A faithful copy of all the data is required; pictures should not be included.

• **Data excerpt**
+++

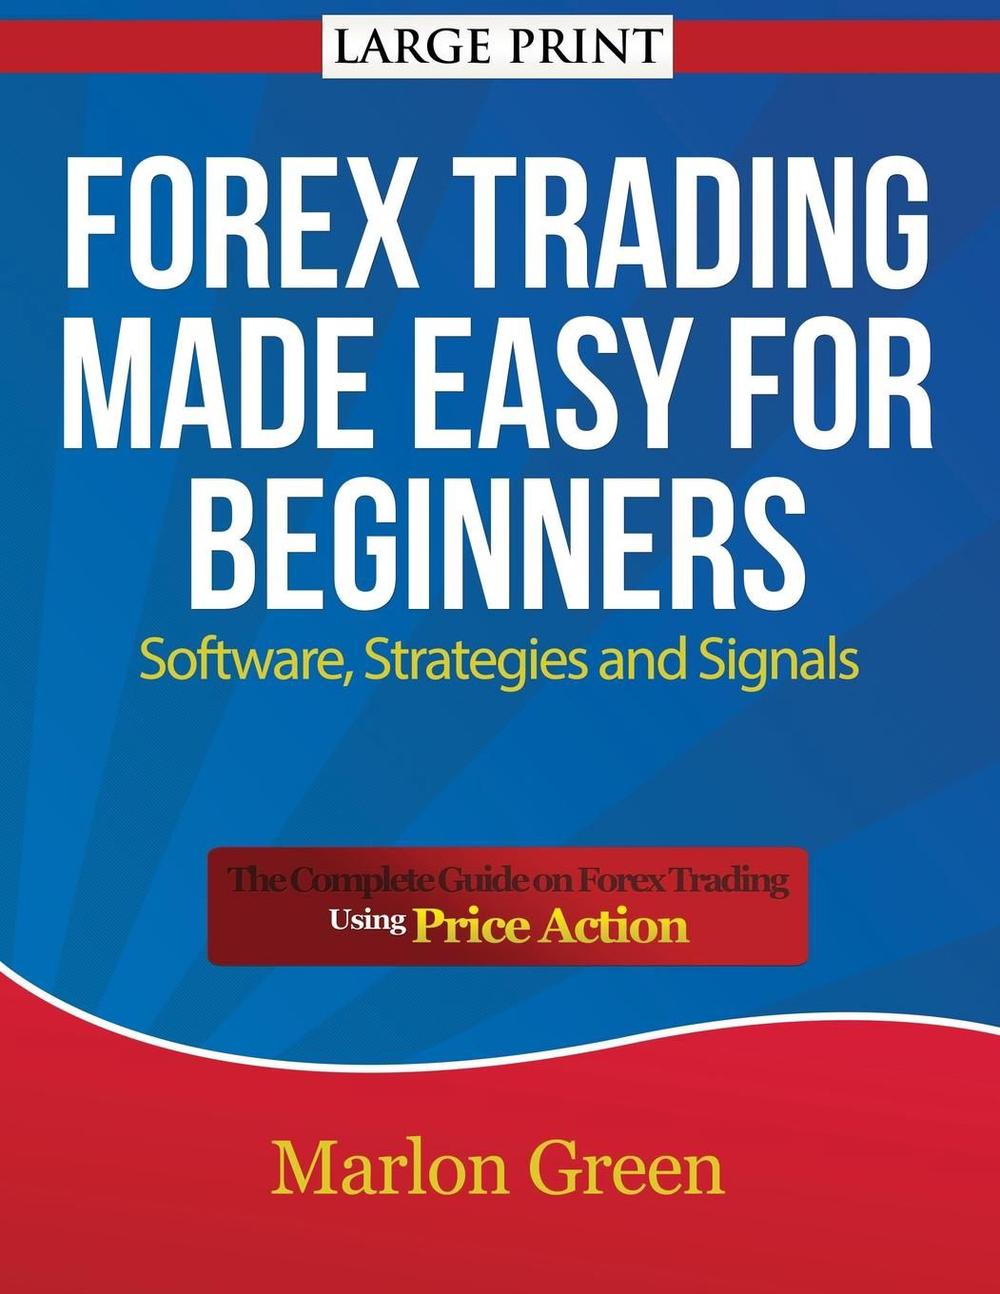 forex trading for beginners made easy
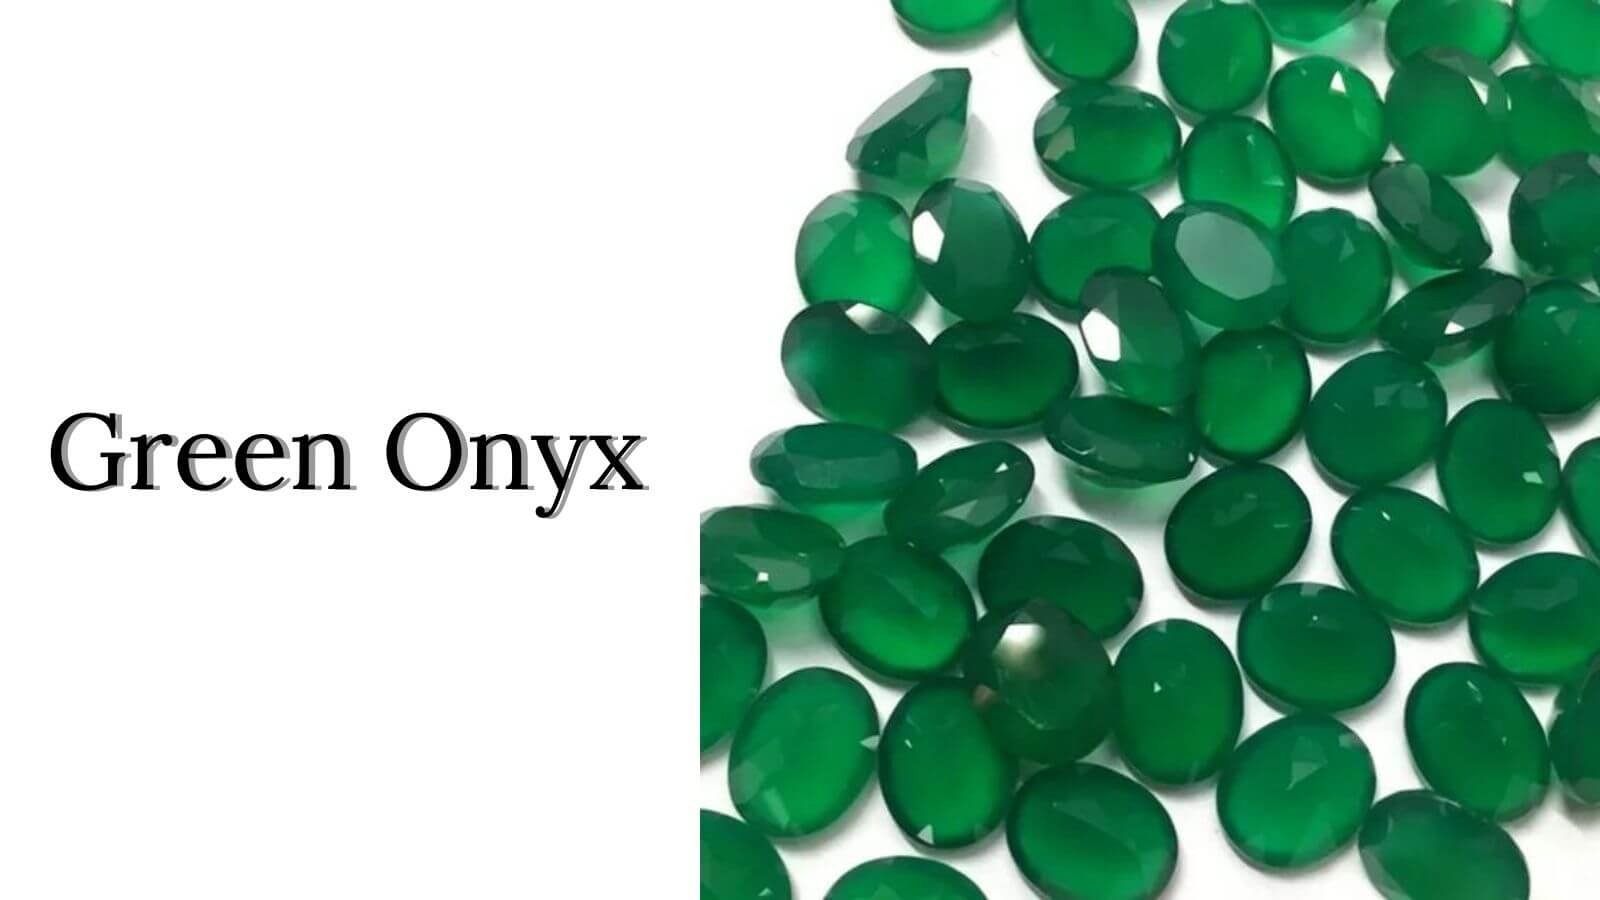 Green onyx: Substitute of Emerald
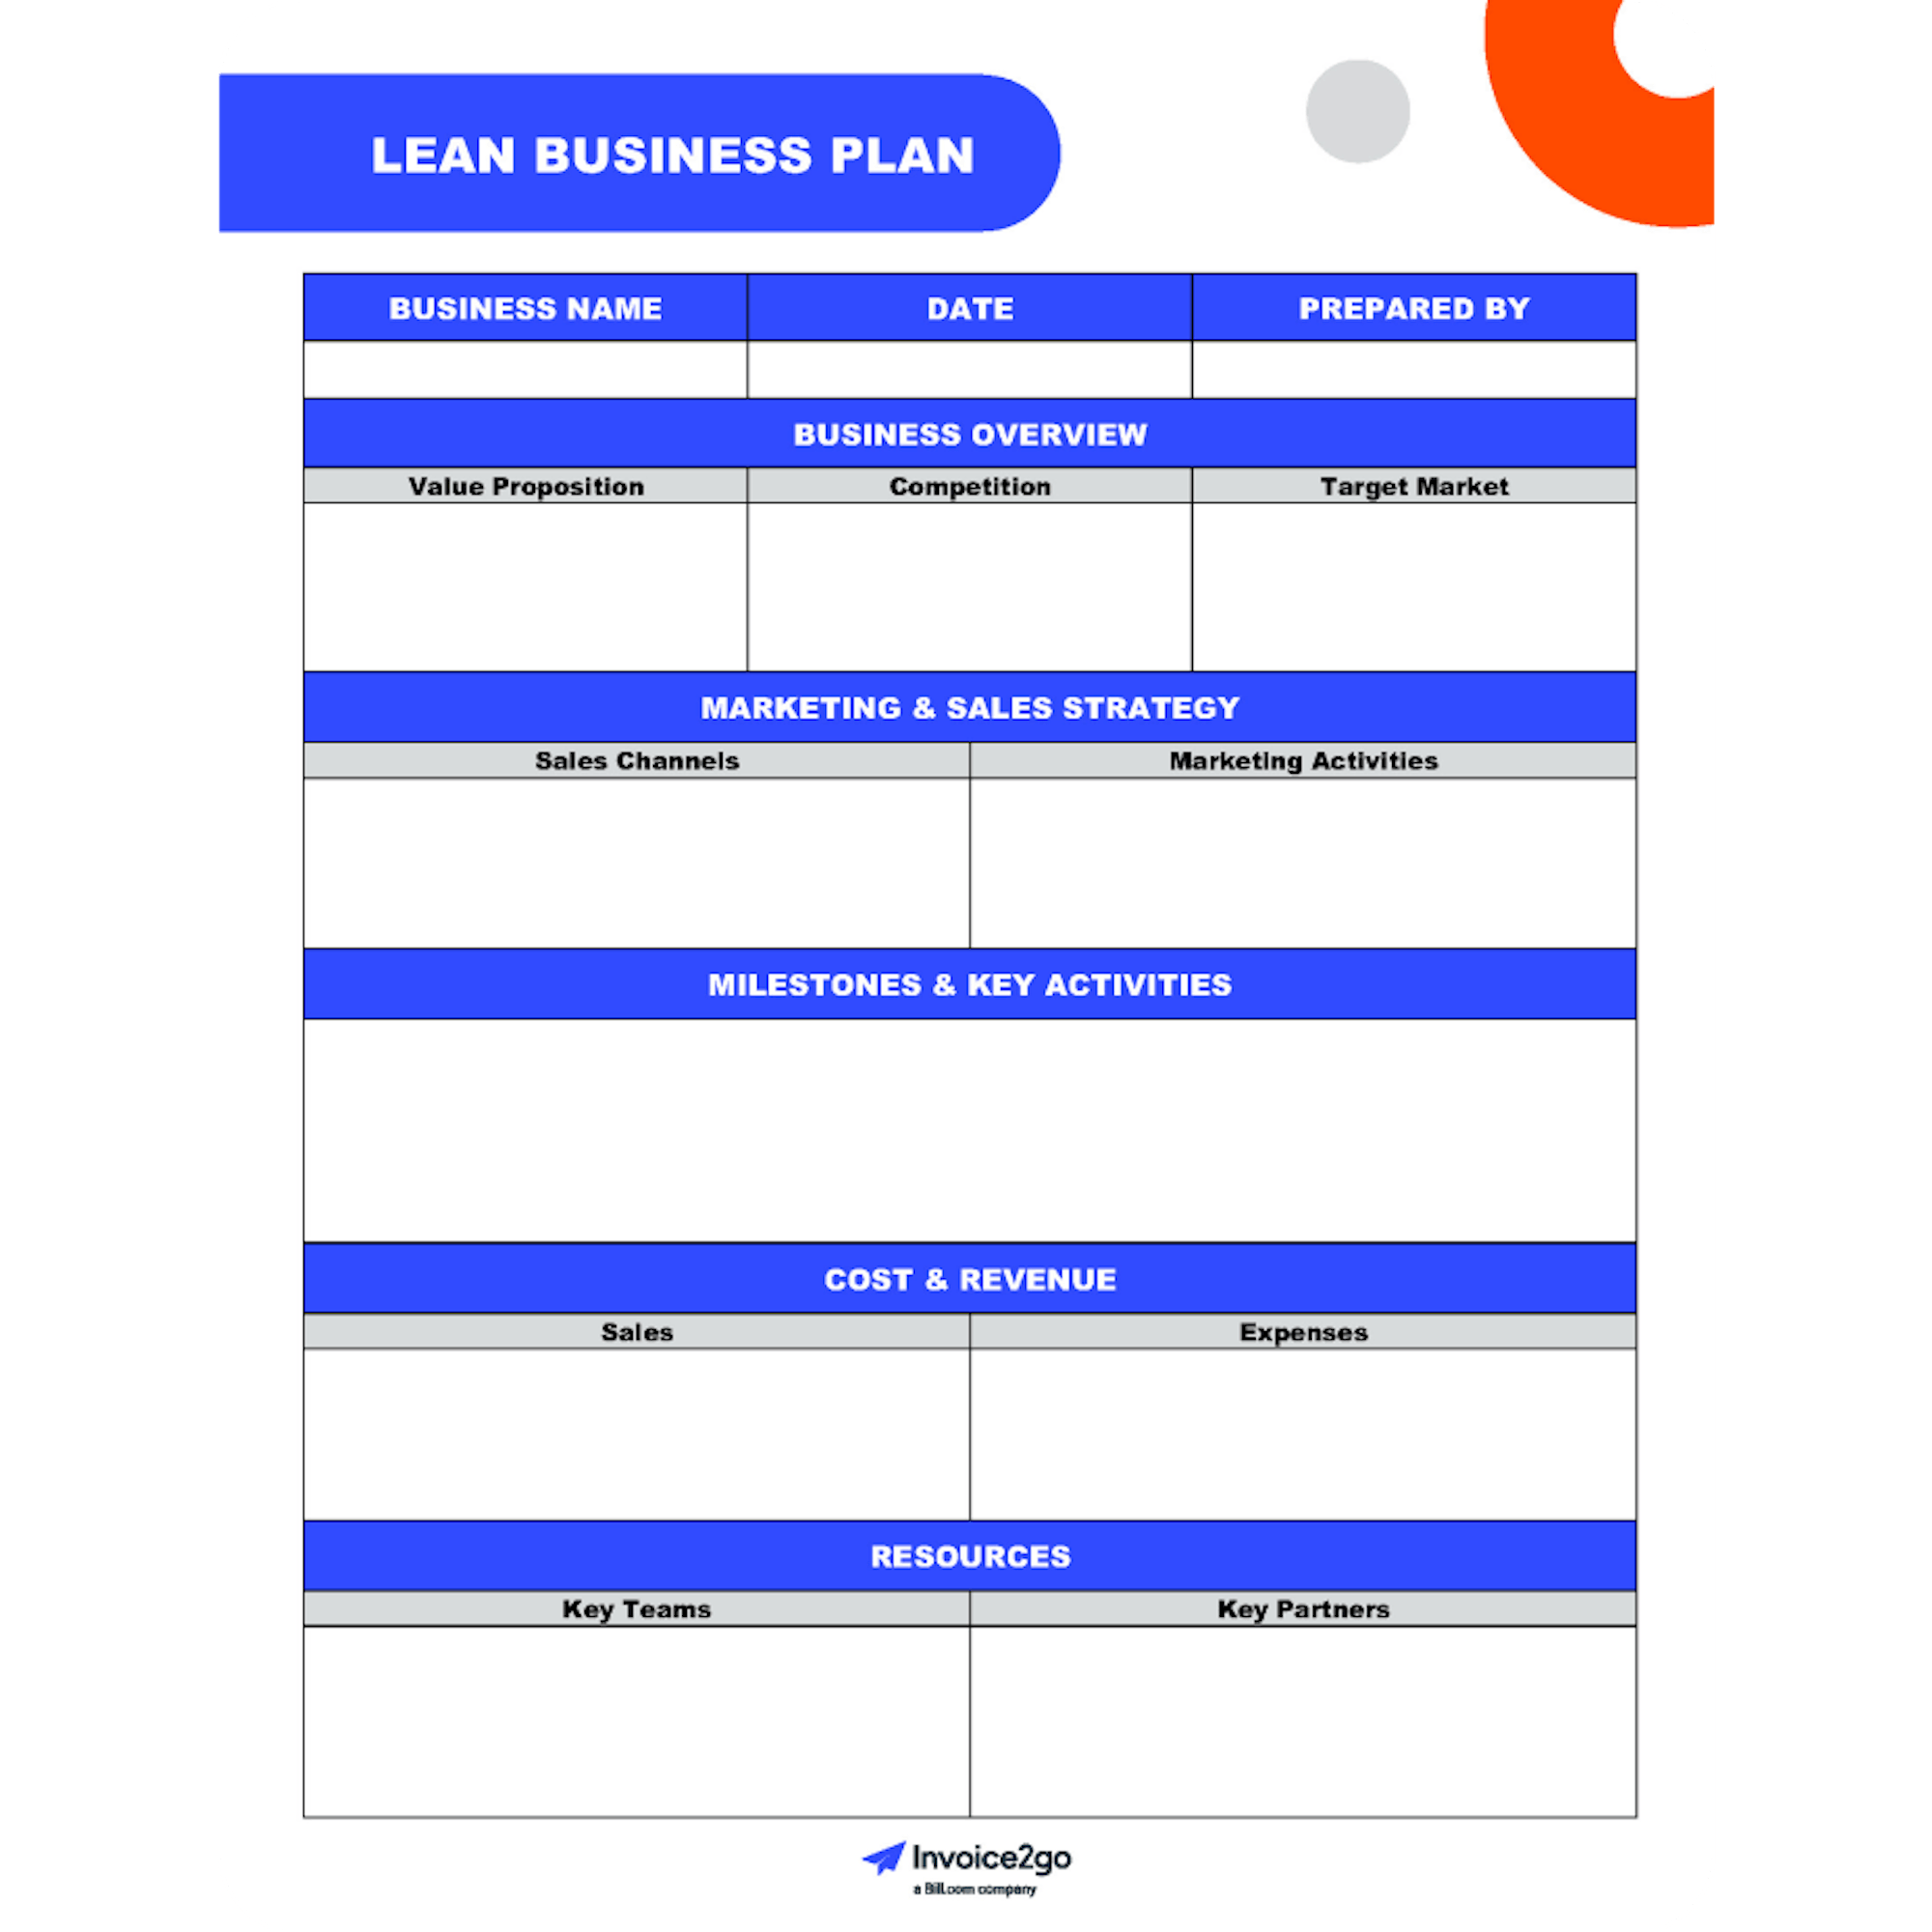 lean business plan template free download

+++

• **Response**
 forex trading for beginners made easy
 Green onyx: Substitute of Emerald
 lean business plan template free download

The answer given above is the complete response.